When operating at full capacity, RBMs, power consumption across its mining and smelting operations can reach up to 400 MW and the implementation of renewable energy is financially beneficial to RMB, especially during the high-tariff winter seasons.

RBM and Rio Tinto Iron and Titanium African operations MD Werner Duvenhage expressed determination to find better ways to produce the materials the world needs “and decarbonising our operations is one of them”, he told a media conference in which Mining Weekly participated.

The Rio Tinto group has committed to reduce Scope 1 and 2 emissions by 50% by 2030 and achieve net zero by 2050 and the Khangela Emoyeni Wind Farm has the potential to reduce RBM’s yearly carbon emissions by 20% – which equates to 470 000 t of CO2-equivalent emissions – and reduce the Richards Bay company’s existing reliance on traditional energy sources by 26%.

Parties to the latest 20-year agreement include African Clean Energy Developments (ACED), The IDEAS Fund (managed by African Infrastructure Investment Managers), investment holding company Reatile Group, and Rand Merchant Bank.

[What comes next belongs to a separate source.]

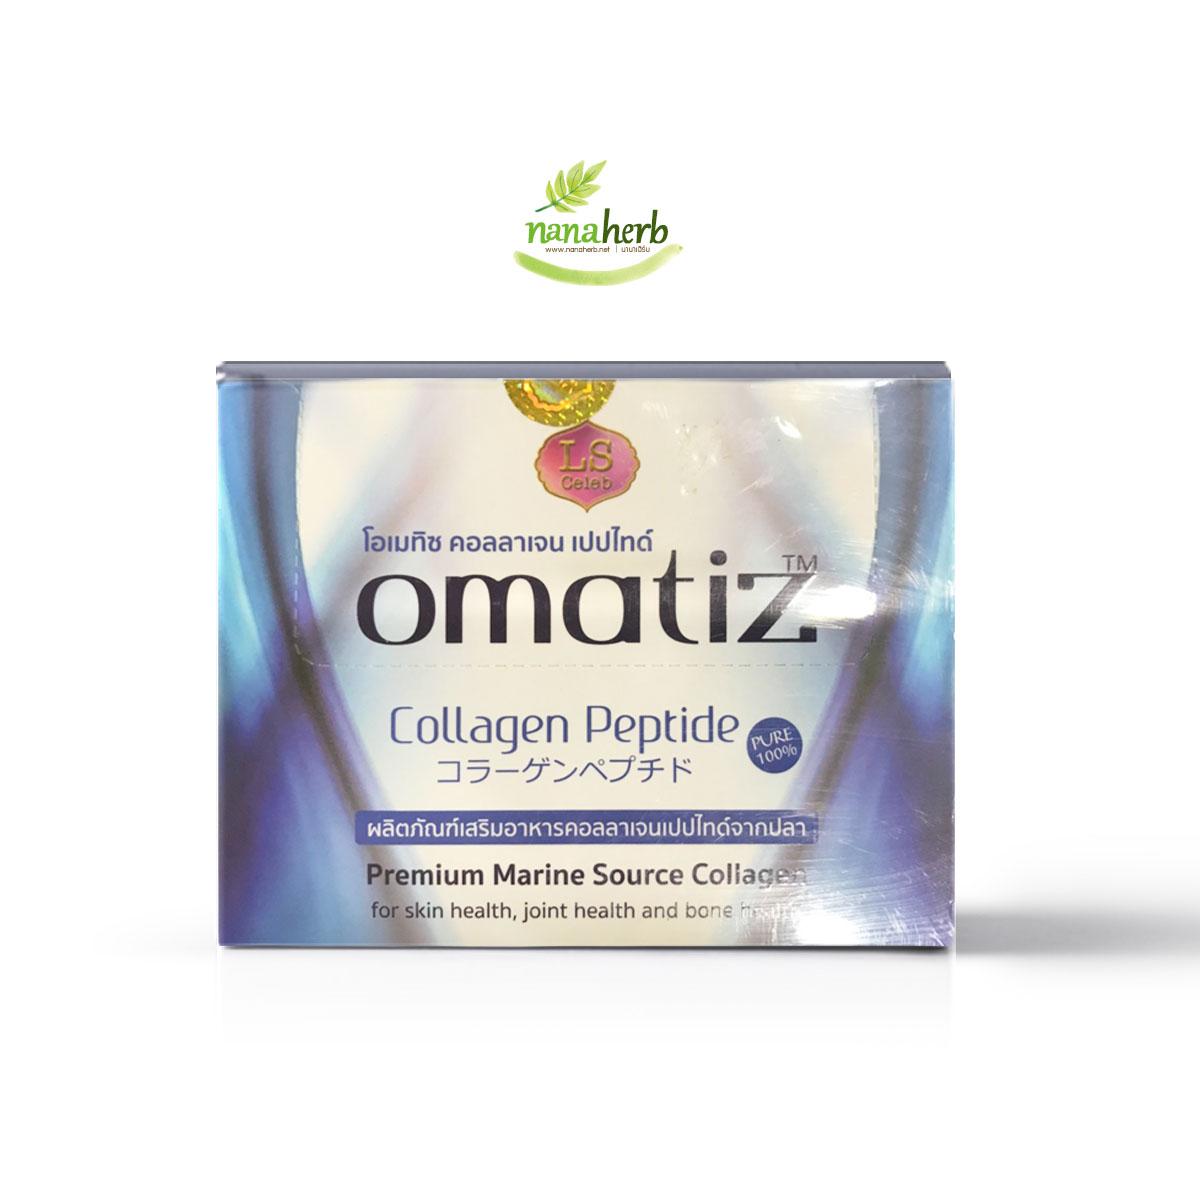 Omatiz Collagen Peptide (โอเมทิซ คอลลาเจน เปปไทด์)

Energy Infrastructure Management Service (EIMS) Africa will be responsible for asset management for the project.

Once constructed, the Khangela Emoyeni Wind Farm is expected to produce 460 GWh/y of renewable energy and, through a wheeling agreement with State power utility Eskom, will help power RBM’s operations, which are in Richards Bay.

The project, with an export capacity of 140 MW, is expected to reach commercial operation within 28 months.

“Not only will Khangela Emoyeni Wind Farm provide RBM with clean energy for their operations, but it will also help alleviate South Africa’s power crisis,” ACED GM James Cumming commented.

Chief commercial officer EIMS Africa Michael Wickins noted that ACED, which has been in operation since 2008, has developed 1.7 GW of renewable-energy projects, with a further 4.5 GW of wind and 4.5 GW of solar projects in development, all of it in South Africa. Unlocked has been renewable-energy developments with capital expenditure value of more than R45-billion rand.

EIMS Africa, formed in 2017, manages a gigawatt of renewable-energy projects, also all in South Africa and all majority owned by Old Mutual’s Ideas Fund. This consists of the operation of 16 utility-scale projects in both the Renewable Energy Independent Power Producer Procurement Programme space and the private market space, with a further four in construction that are being co-managed with ACED.